The recommendations include sending high-risk or violent patients to the mainland for treatment and consider fencing the campus perimeter to prevent escapes.

Sen. Clayton Hee, committee co-chairman, said the Department of Health recently implemented a policy to send the most dangerous patients to the mainland and since 2010, two have been sent to South Carolina.

According to the report, only about 5 percent — or 10 patients — are so violent they create a greater danger at the hospital and sending them to the mainland would create a safer environment and save the state about $350 a day. It costs $657.97 a day to care for one patient at the hospital.

The report will be given to senators Thursday during a special session convened for judicial nominations.

Green said improvements won’t be accomplished overnight, but he vowed to work on implementing the recommendations as long as he’s chairman of the Health Committee.

Janice Okubo, DOH spokeswoman, said the department is encouraged by the report and hopes it leads to more state funding.

She said the hospital needs money to replace the Goddard Building, a ward no longer being used, with a building that can house more patients.

Kalford Keanu Jr., 37, a psychiatric technician who said employees fear retaliation from management and need better training for handling violent patients, liked the recommendations in the report.

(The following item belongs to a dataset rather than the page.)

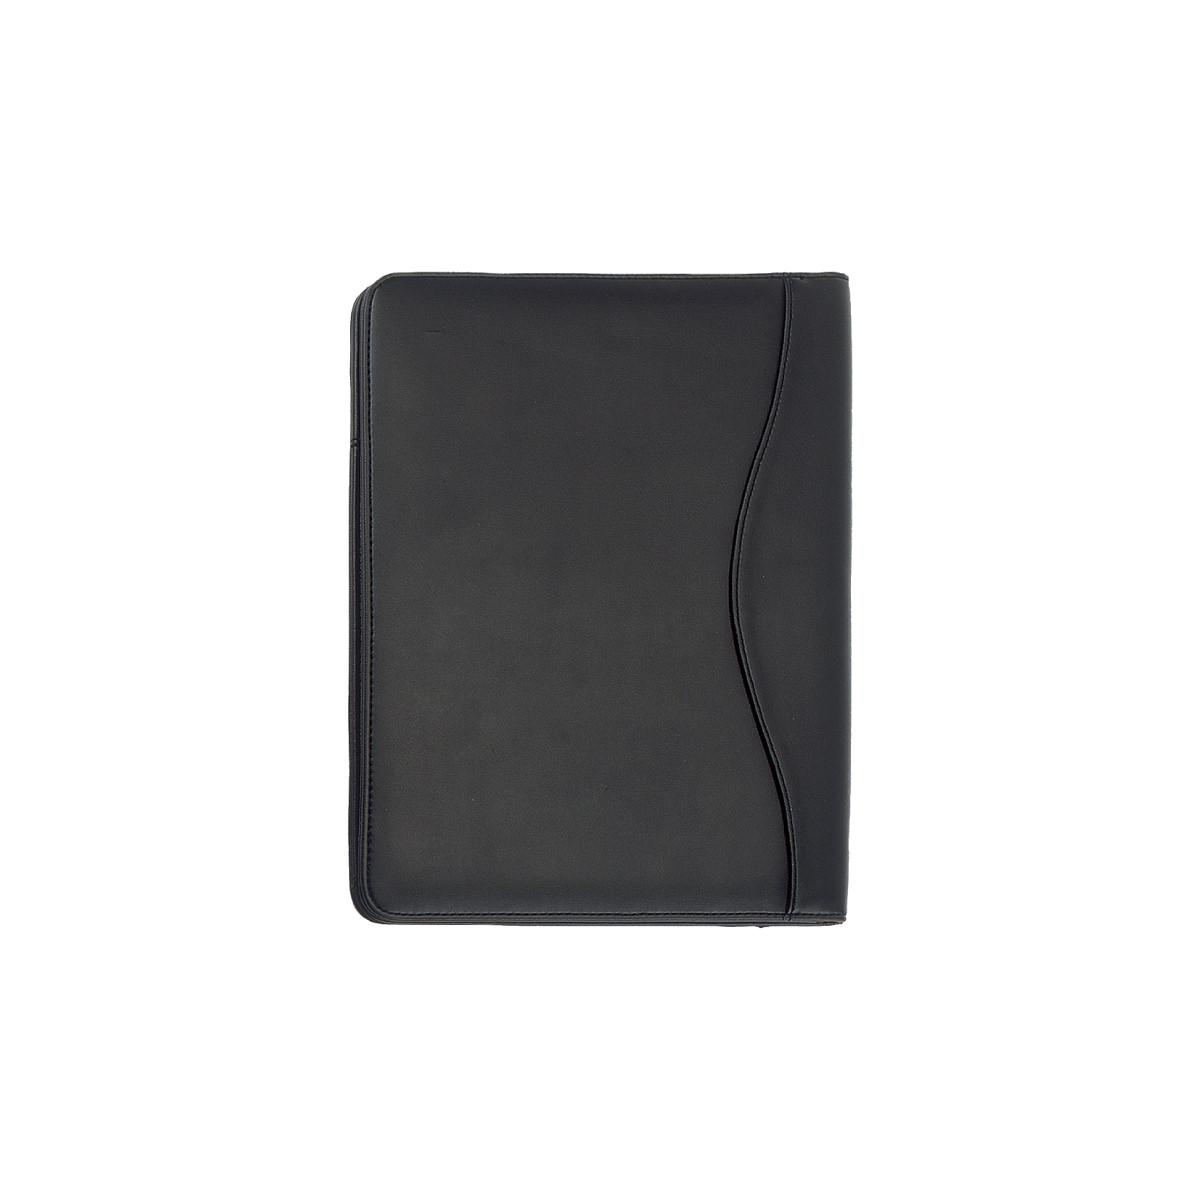 מכתביה A4 עם מחשבון ובלוק נייר - וינה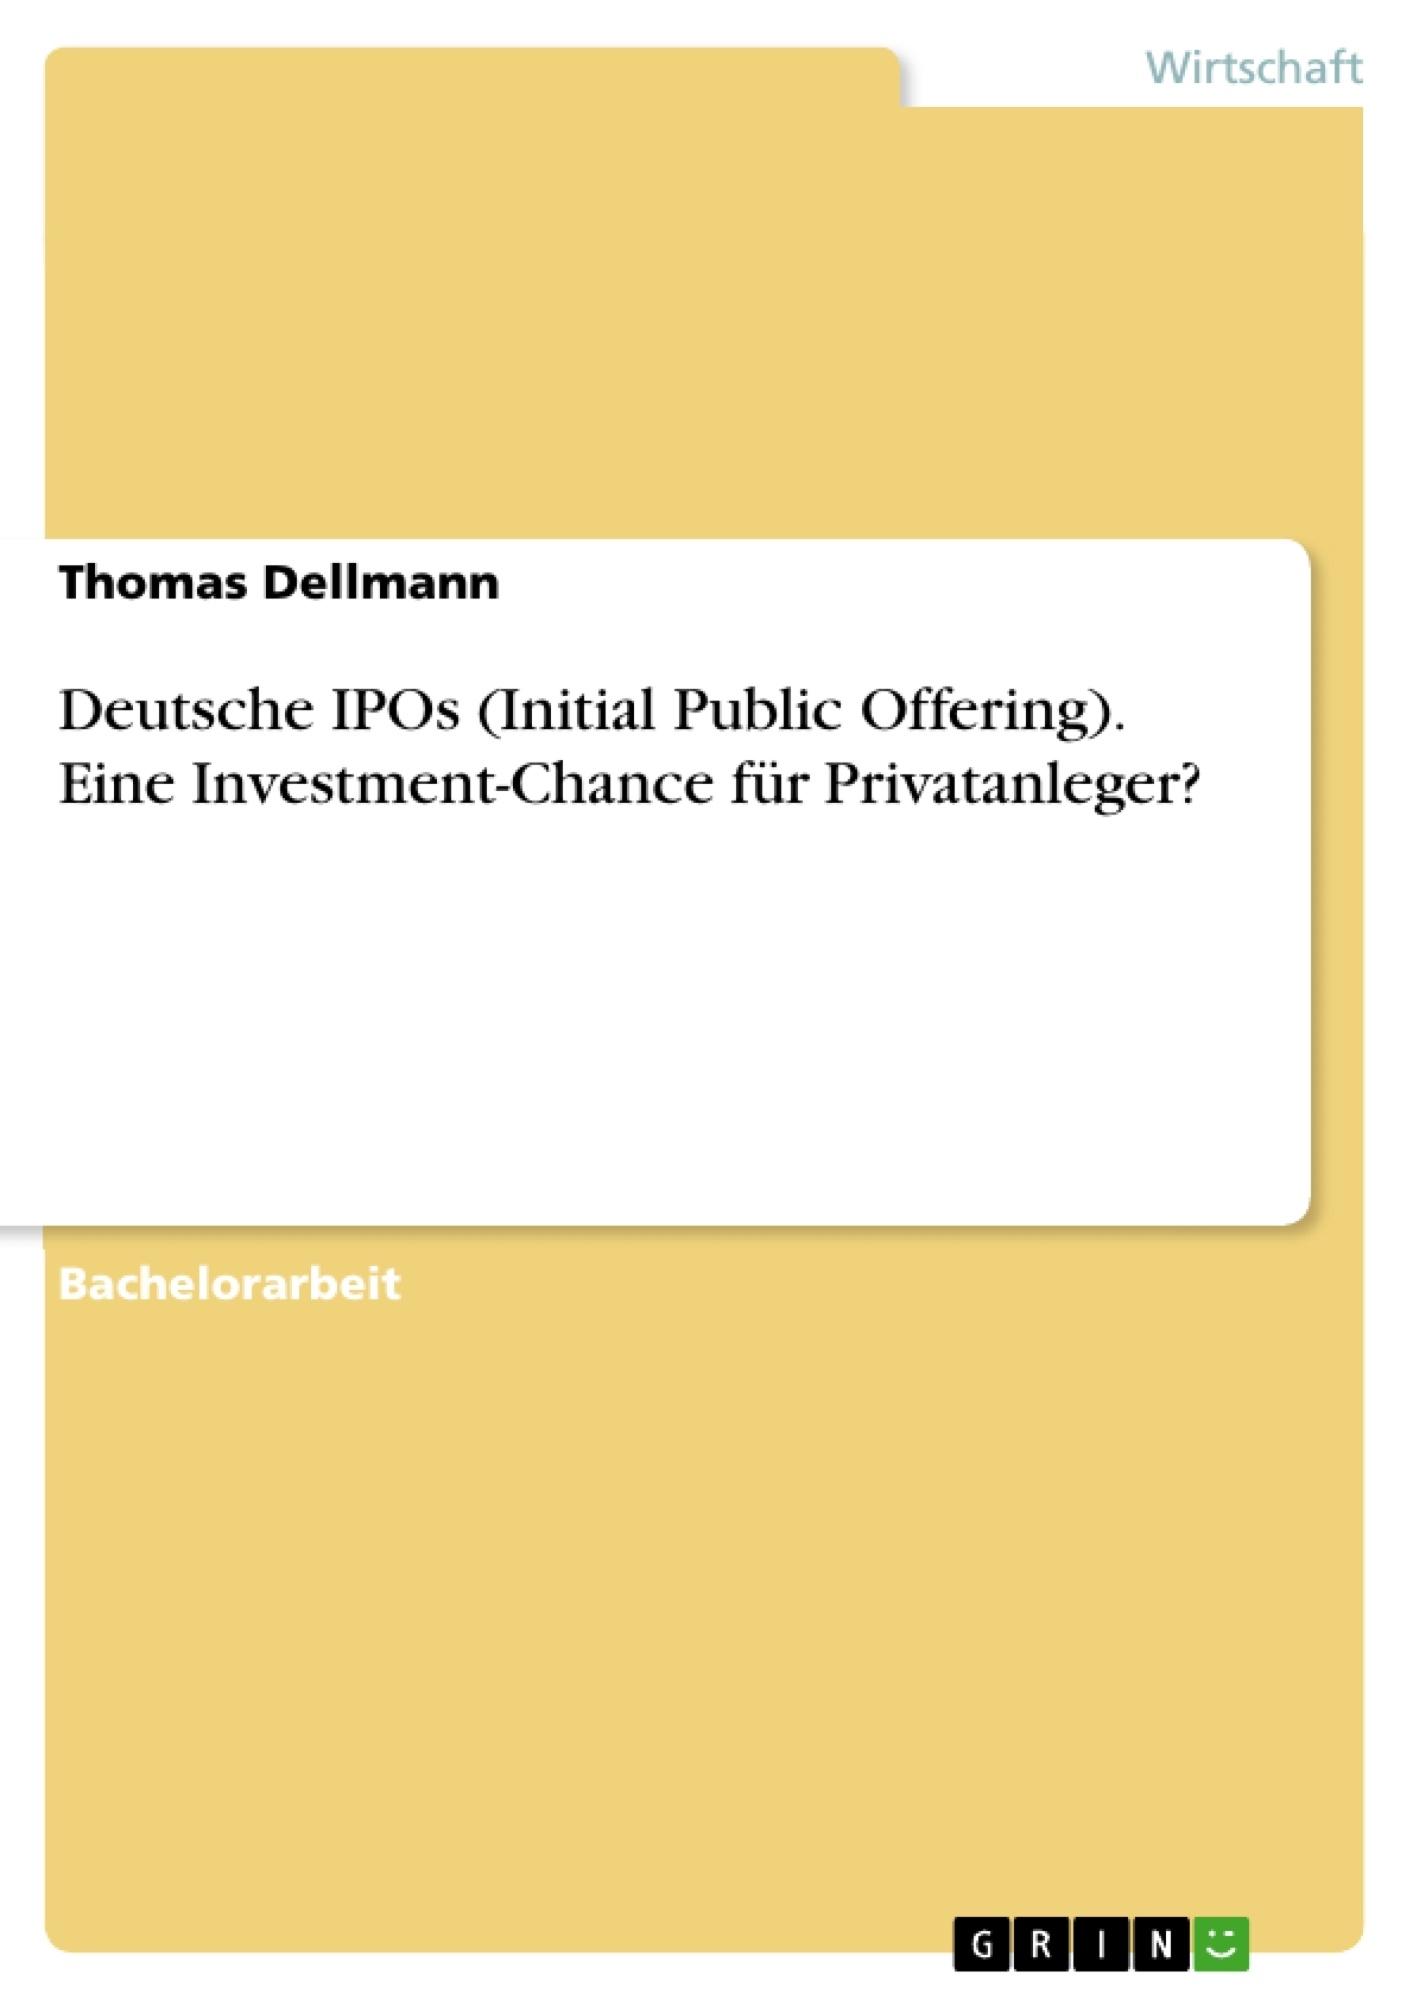 Titel: Deutsche IPOs (Initial Public Offering). Eine Investment-Chance für Privatanleger?

Keanu was injured last October while trying to stop a patient-on-patient attack and plans to return to work in January.

"I like helping out the patients," he said. "It’s a lot easier to care for the patients when you don’t have to worry about the leadership targeting you."

Hee said there already have been changes at the hospital. He said policies are being implemented for more transparent hiring procedures and a new administrator was hired.

"There’s a cultural shift because now people know," he said.